Your controls. You can revoke Photo Library access in iOS Settings at any time, opt out of analytics in the app, request a copy or deletion of your data, and cancel subscriptions in your Apple ID settings.
Contents
- Scope of this Policy
- Who is the Data Controller
- Personal Data We Collect
- How & Why We Use Your Data
- Legal Bases (GDPR)
- Photo Library & On-Device Processing
- Third-Party Processors & SDKs
- Advertising & Tracking
- Cookies & Similar Technologies
- Data Retention
- How We Protect Your Data
- International Data Transfers
- Your Rights
- GDPR / EEA, UK, Switzerland
- California Residents (CCPA/CPRA)
- Other U.S. State Rights
- Brazil (LGPD)
- Children's Privacy
- Automated Decision-Making
- Changes to this Policy
- Contact & Data Protection Officer
1. Scope of this Policy
This Privacy Policy describes how we collect, use, disclose, and safeguard personal information when you use the SortBox mobile application and related websites and services (collectively, the "Service"). It applies to information processed by Vladimir Anisimov as a "data controller" (or equivalent) under applicable privacy laws.
By using the Service, you acknowledge that you have read this Policy. If you do not agree with our practices, please do not use the Service.
2. Who is the Data Controller
The data controller is:
- Vladimir Anisimov
- Email: dev.anisim101@gmail.com
If you reside in the European Economic Area or the United Kingdom and we are required to appoint a representative, you can contact our EU/UK Representative at [eu-rep@email] ([EU Representative Name and Address]).
3. Personal Data We Collect
We collect only what is reasonably necessary to operate, secure, and improve the Service. The categories below describe what may be collected when you use SortBox.

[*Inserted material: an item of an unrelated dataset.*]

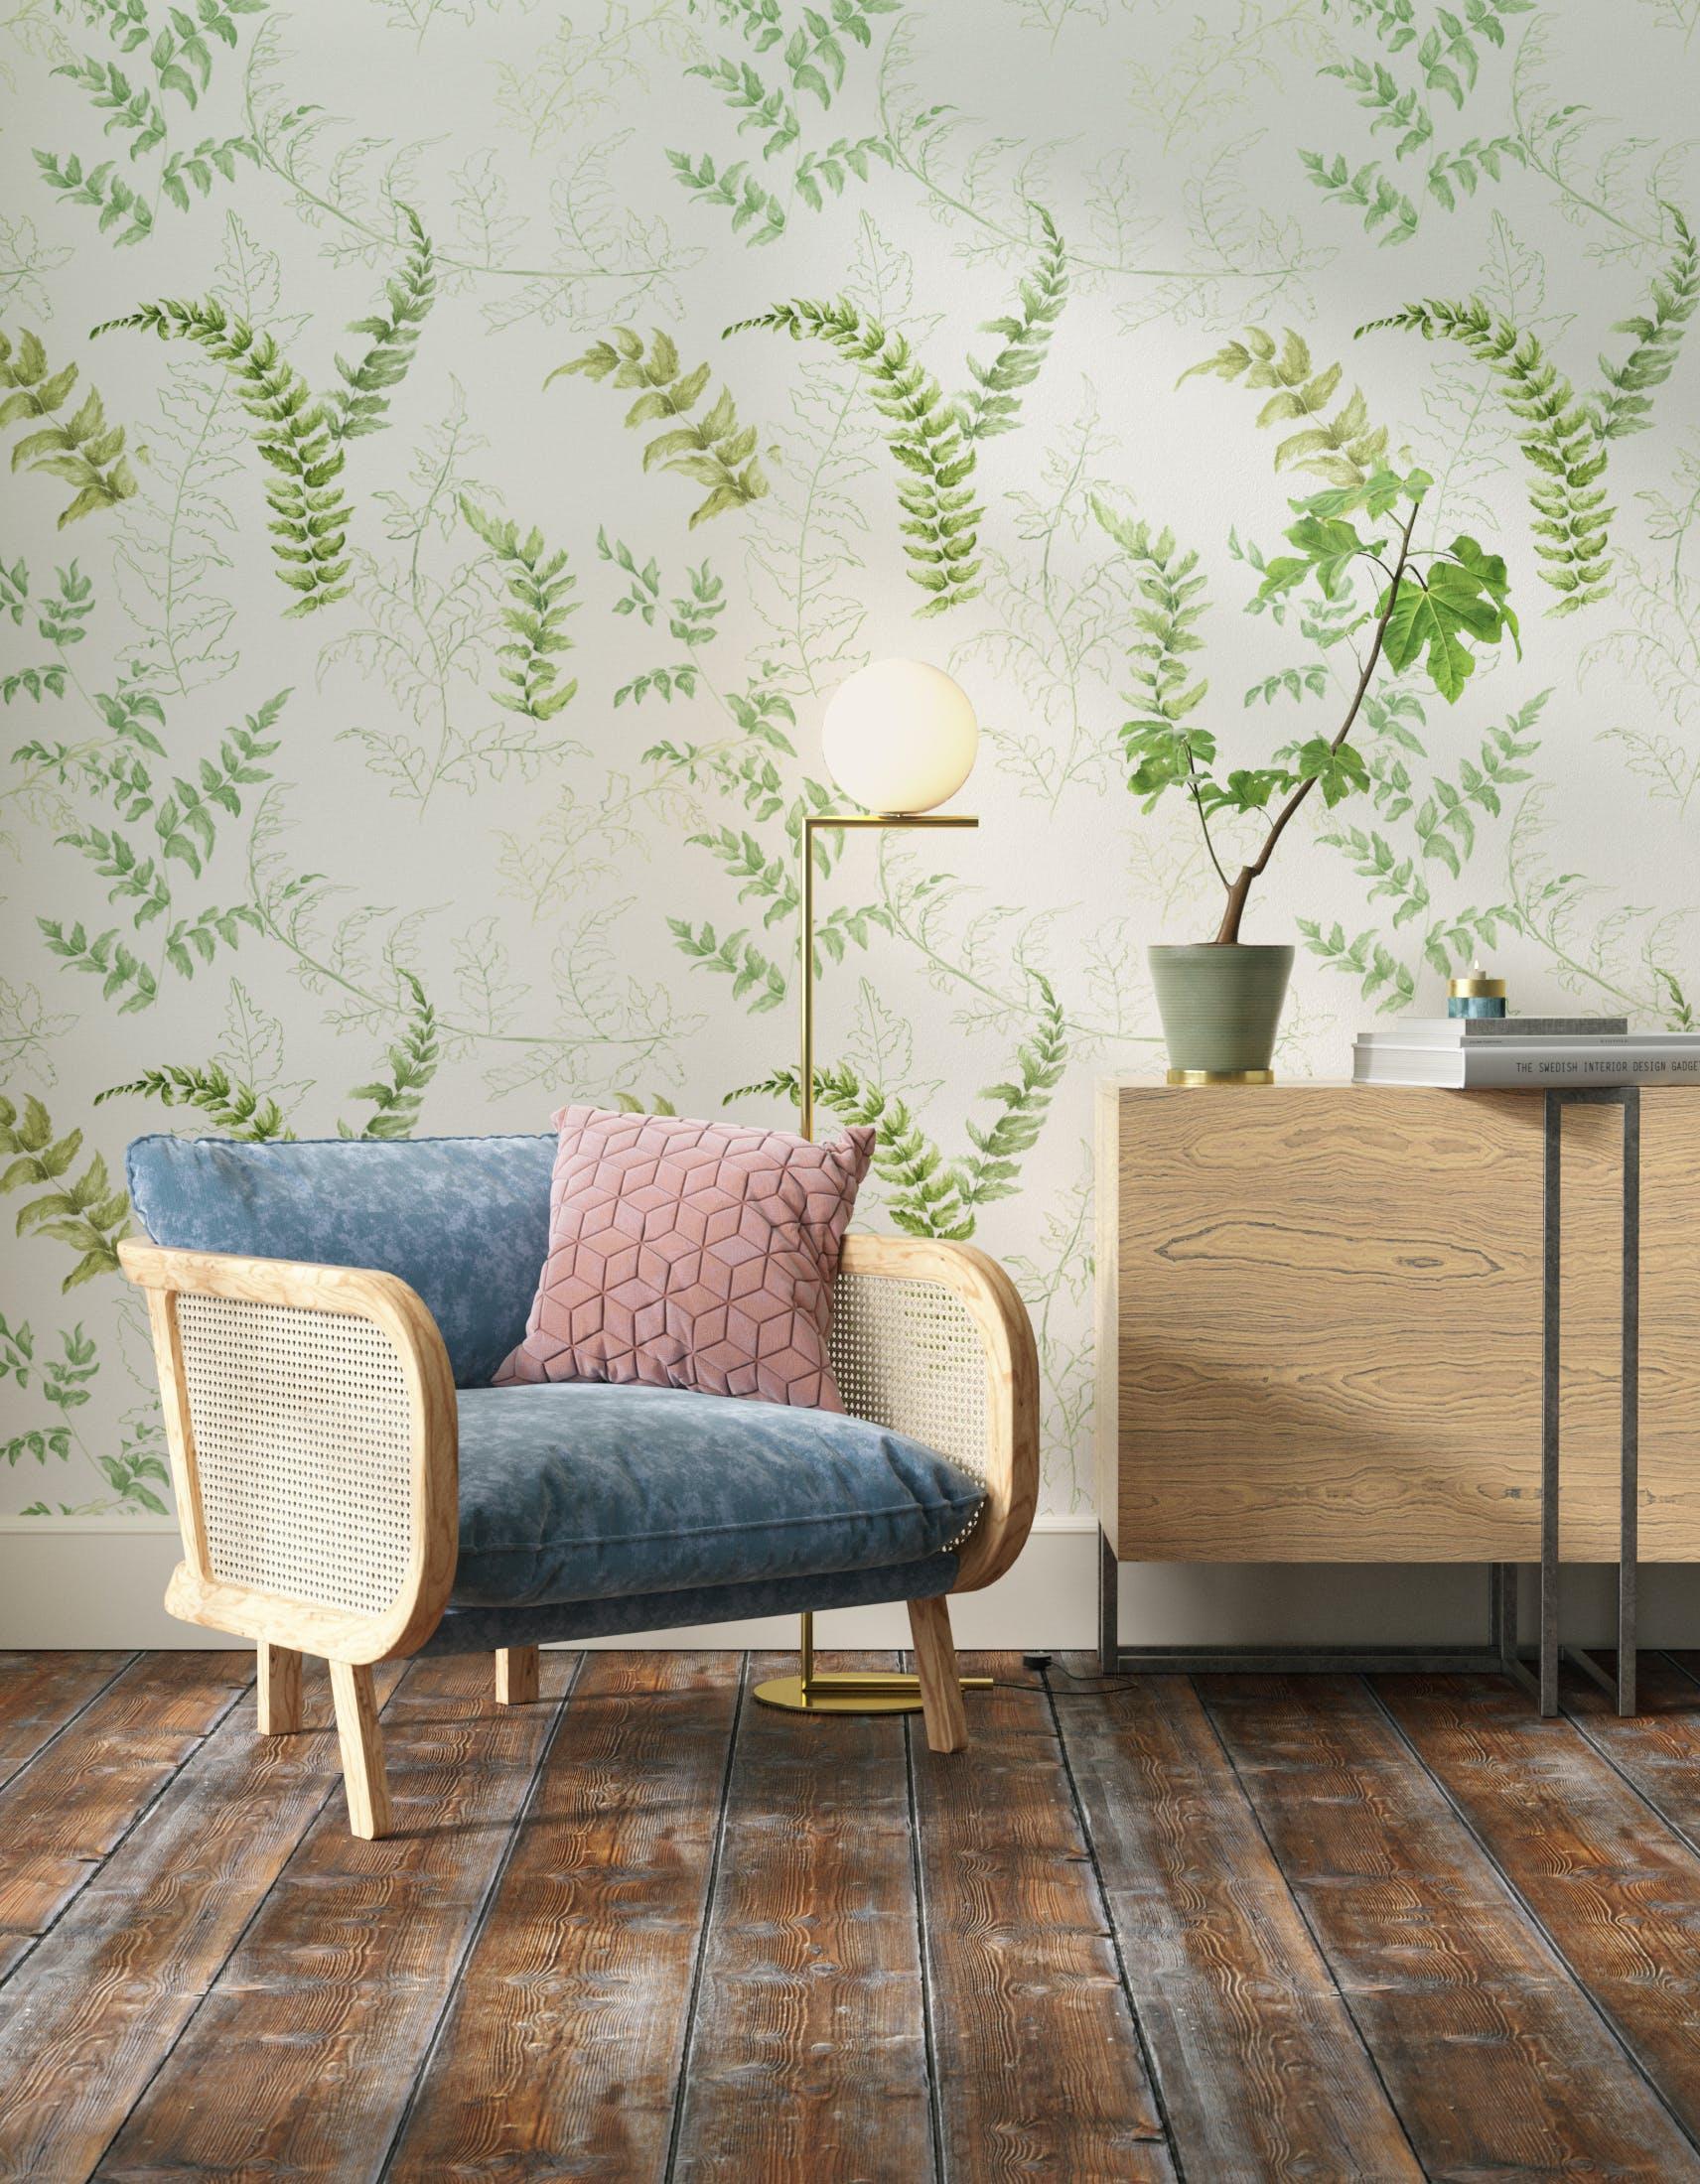 Living room decorated with Lick x Jenna Hewitt Fern 01 green botanical wallpaper

| Category | Examples | Source |
|---|---|---|
| Device & technical data | Device model, iOS version, language, region, app version, anonymous device identifier (e.g., installation UUID generated by the app or Apple's IDFV), crash logs and stack traces, performance metrics | Collected automatically from your device |
| Usage data | Events such as app launches, feature interactions (e.g., "swipe", "delete confirmed"), screen views, error counts; pseudonymous session identifiers | Collected automatically when you use the app |
| Subscription & purchase data | Subscription status, plan, renewal status, country, anonymous Apple transaction identifier, currency, receipt token (validated server-side) | Provided via Apple's StoreKit / your subscription provider |
| Support & communications | Email address, contents of support messages, attachments you choose to share, language | Provided by you when you contact us |
| Marketing preferences | Opt-in/opt-out status for push notifications, newsletters, or in-app promotional messages | Provided by you / your device settings |
| Photo metadata (on-device only) | Asset identifiers, file sizes, durations, capture dates, and perceptual hashes used for duplicate detection — processed locally on your device | Generated locally; not transmitted to us |
What we do NOT collect. We do not collect your contacts, location, microphone or camera input, browsing history outside the app, biometric data, government identifiers, or precise advertising identifiers (IDFA) unless you explicitly grant App Tracking Transparency permission for a feature that requires it.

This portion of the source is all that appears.